§ **INPUT DATA**
☆ ☆ ☆ ☆ ☆ ☆ ☆

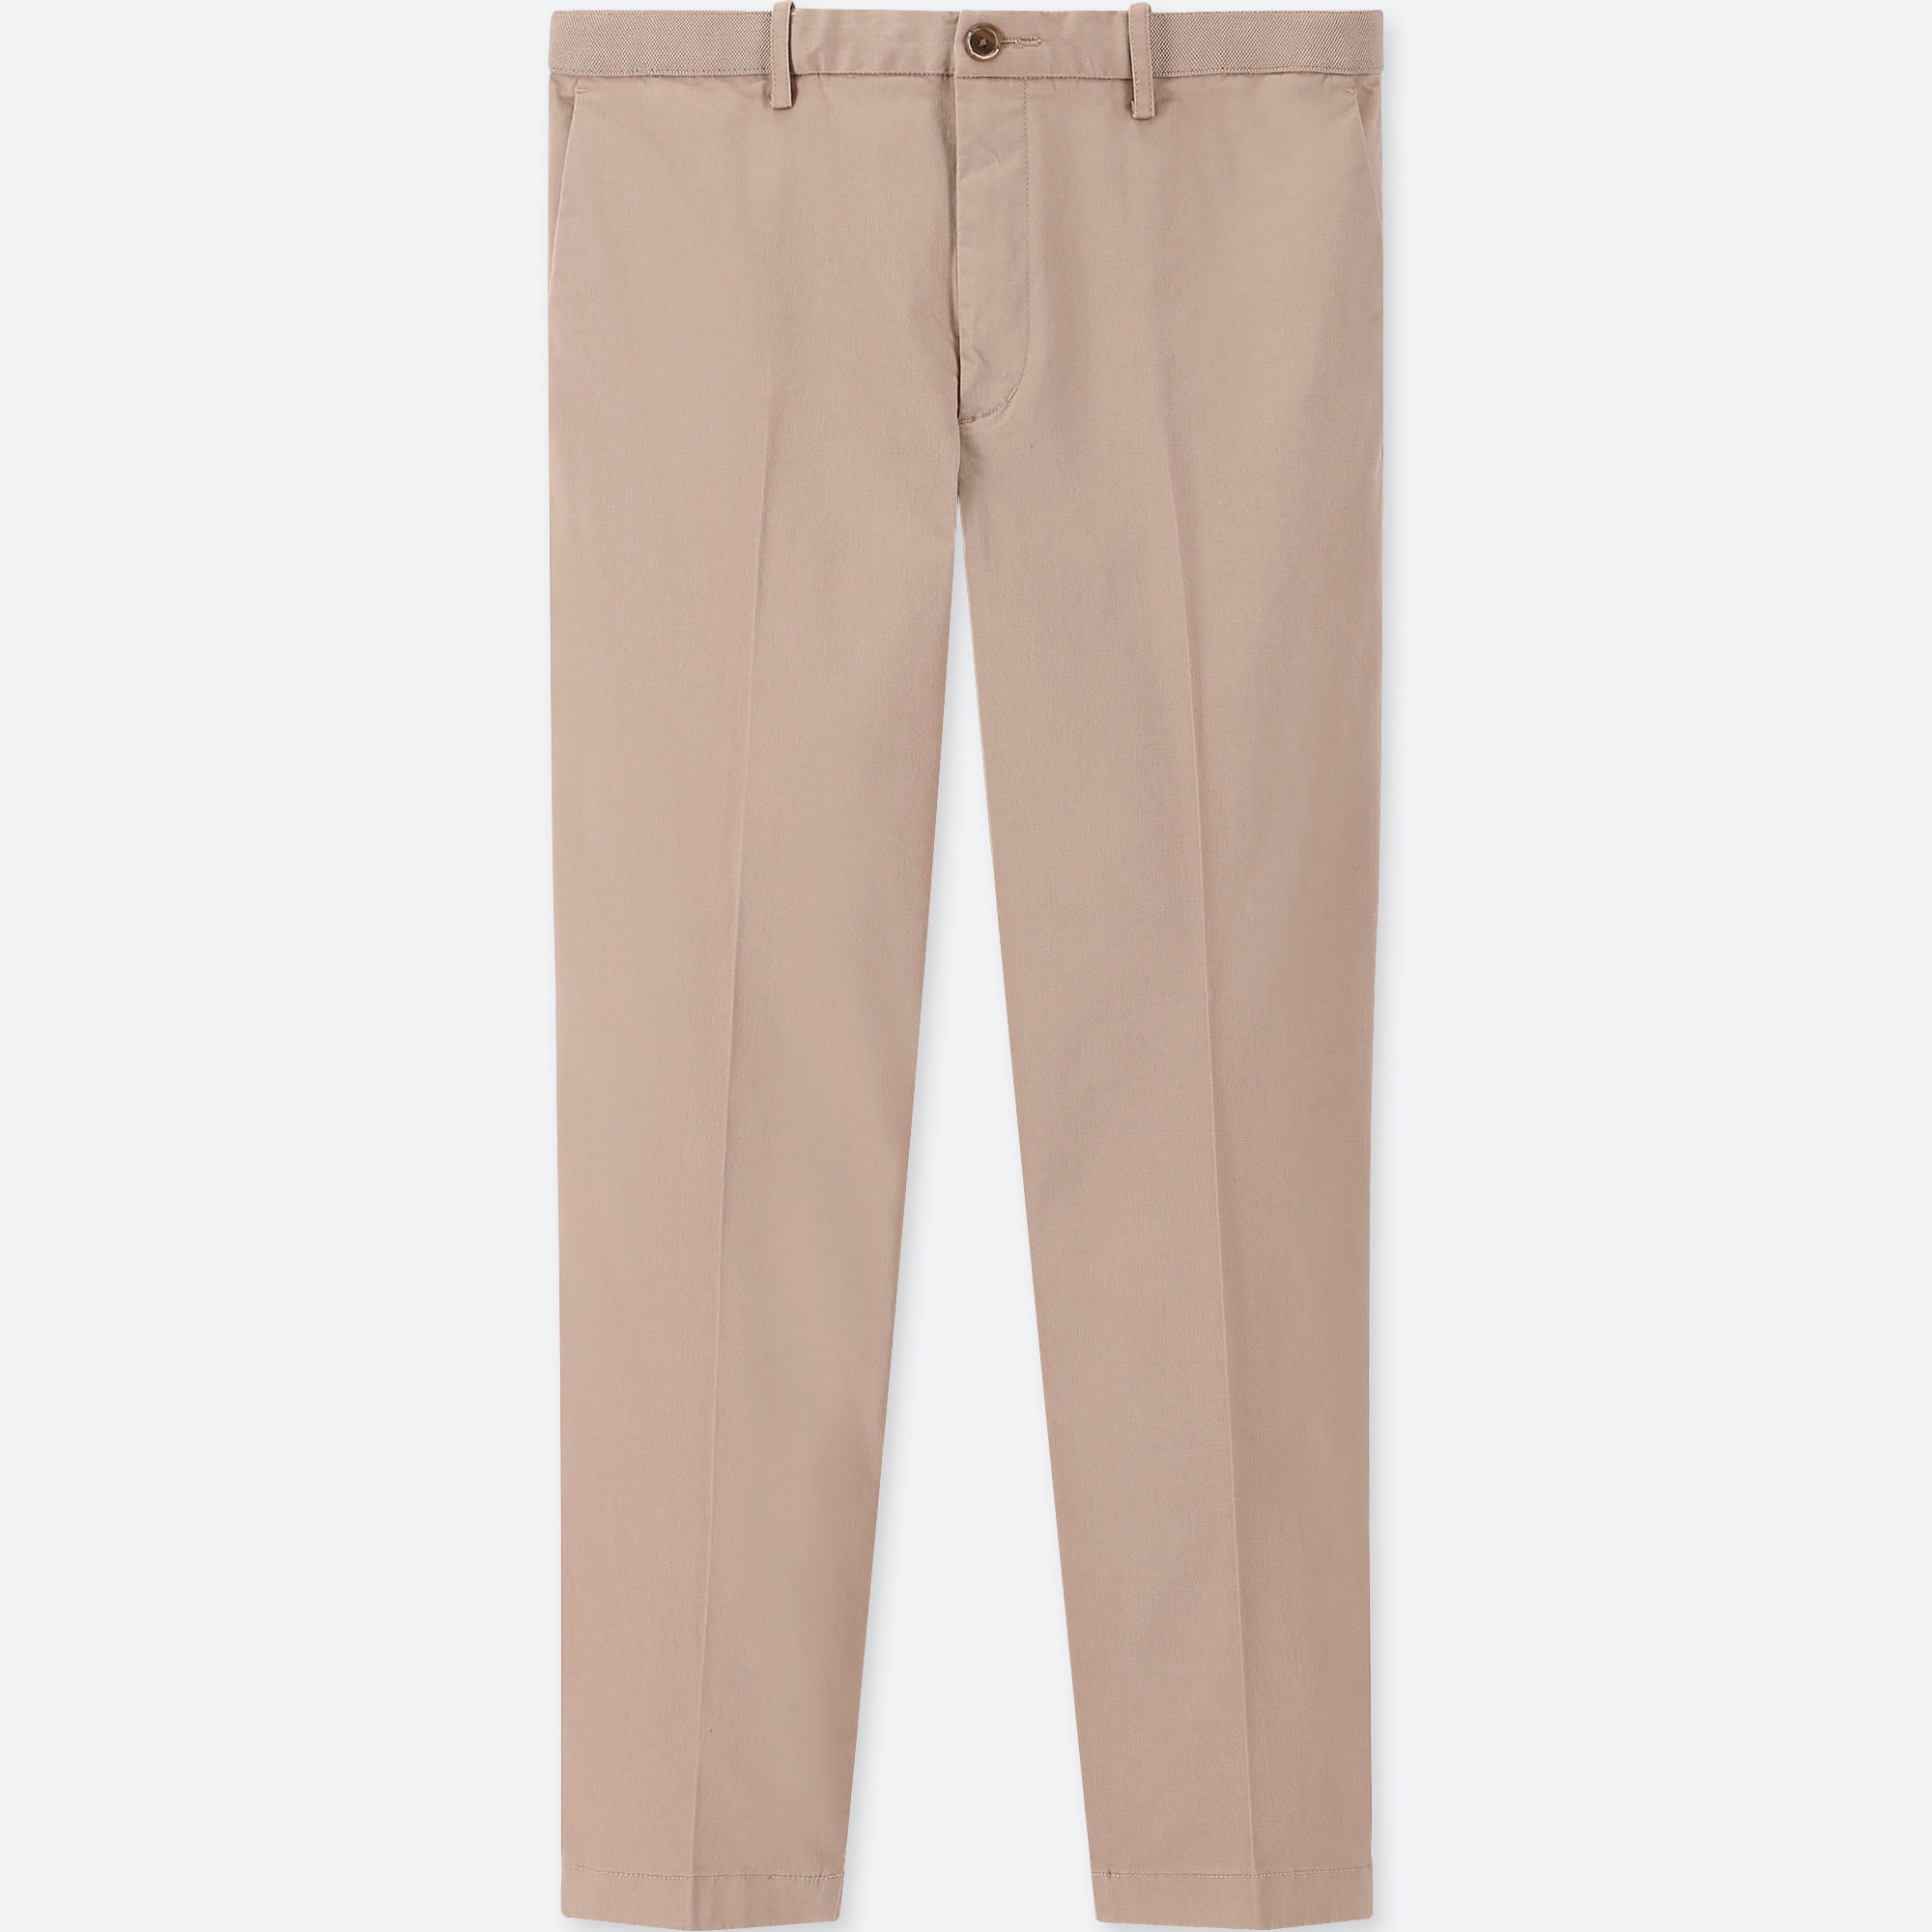 Uniqlo Canada on Twitter Show some ankle show some style Our new  Womens and Mens EZY Ankle Length Pants are the new essential With a  stretch waist and stretch material they look
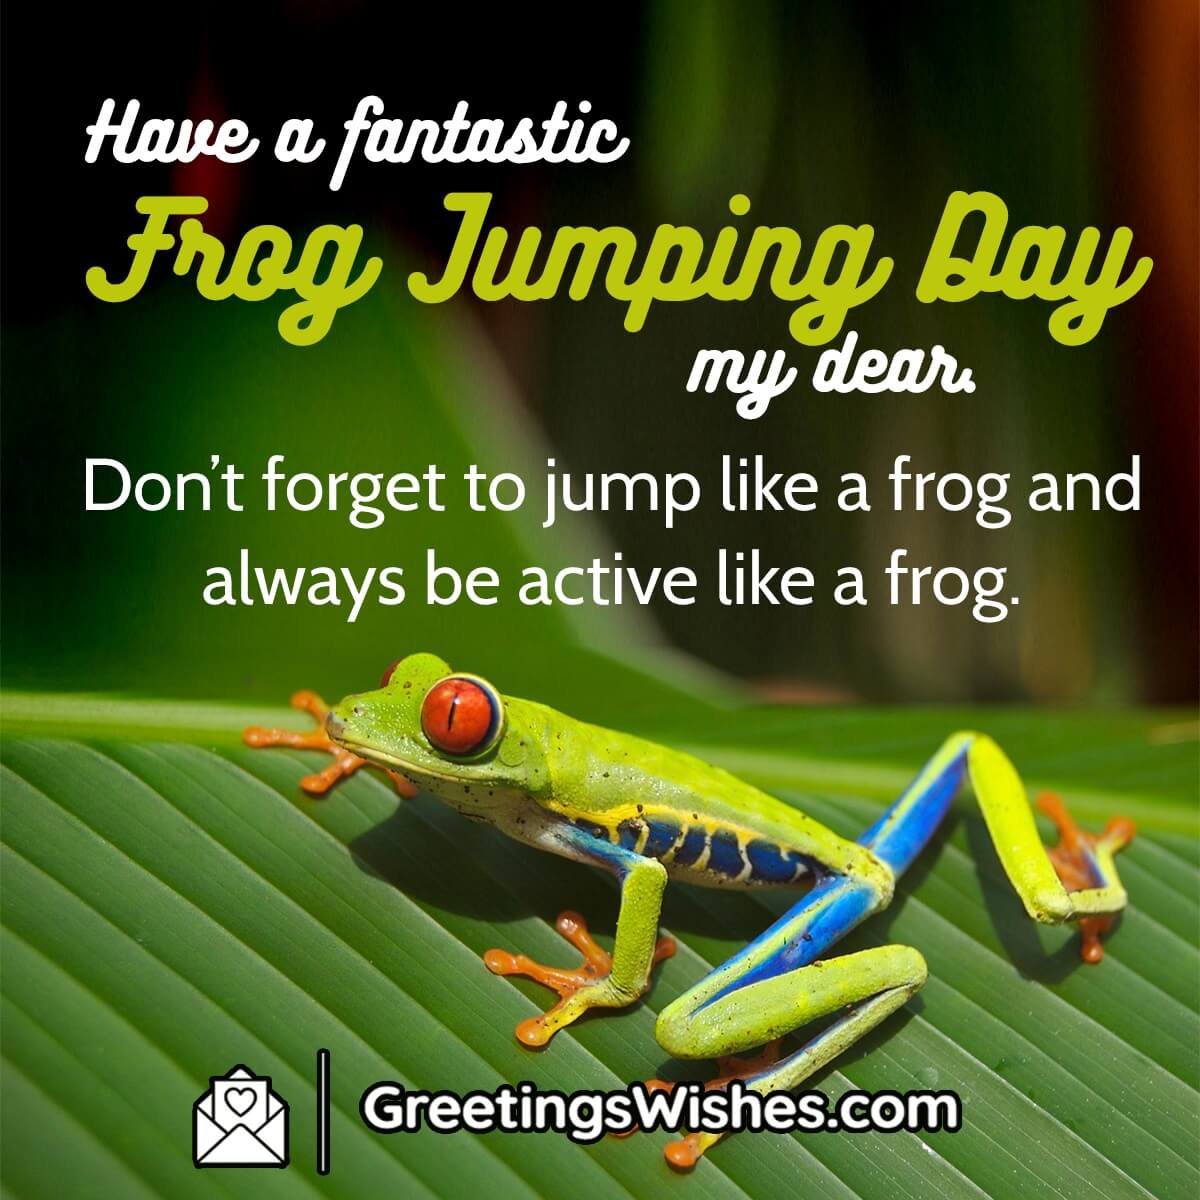 Frog Jumping Day Message
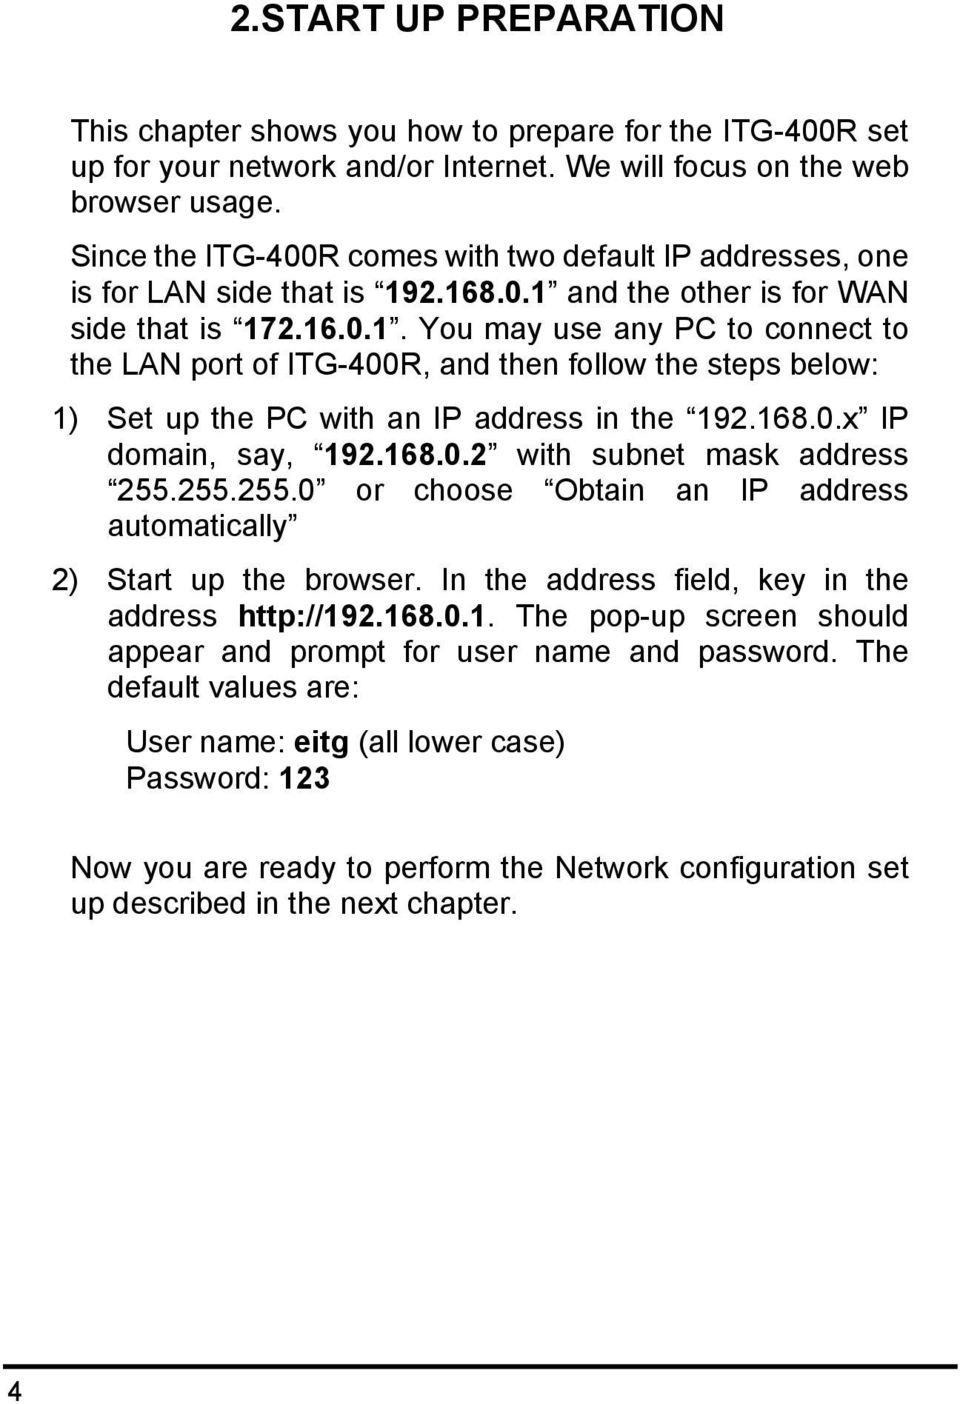 2.168.0.1 and the other is for WAN side that is 172.16.0.1. You may use any PC to connect to the LAN port of ITG-400R, and then follow the steps below: 1) Set up the PC with an IP address in the 192.

☆ ☆ ☆ ☆ ☆ ☆ ☆

§ **EXERCISE INSTRUCTIONS**
What you write must match, line for line, the lines from the one with "Frog Jumping Day Message" through the last line of the data above, minus the pictures.

§ **TASK OUTPUT**
 Frog Jumping Day Message
 2.168.0.1 and the other is for WAN side that is 172.16.0.1. You may use any PC to connect to the LAN port of ITG-400R, and then follow the steps below: 1) Set up the PC with an IP address in the 192.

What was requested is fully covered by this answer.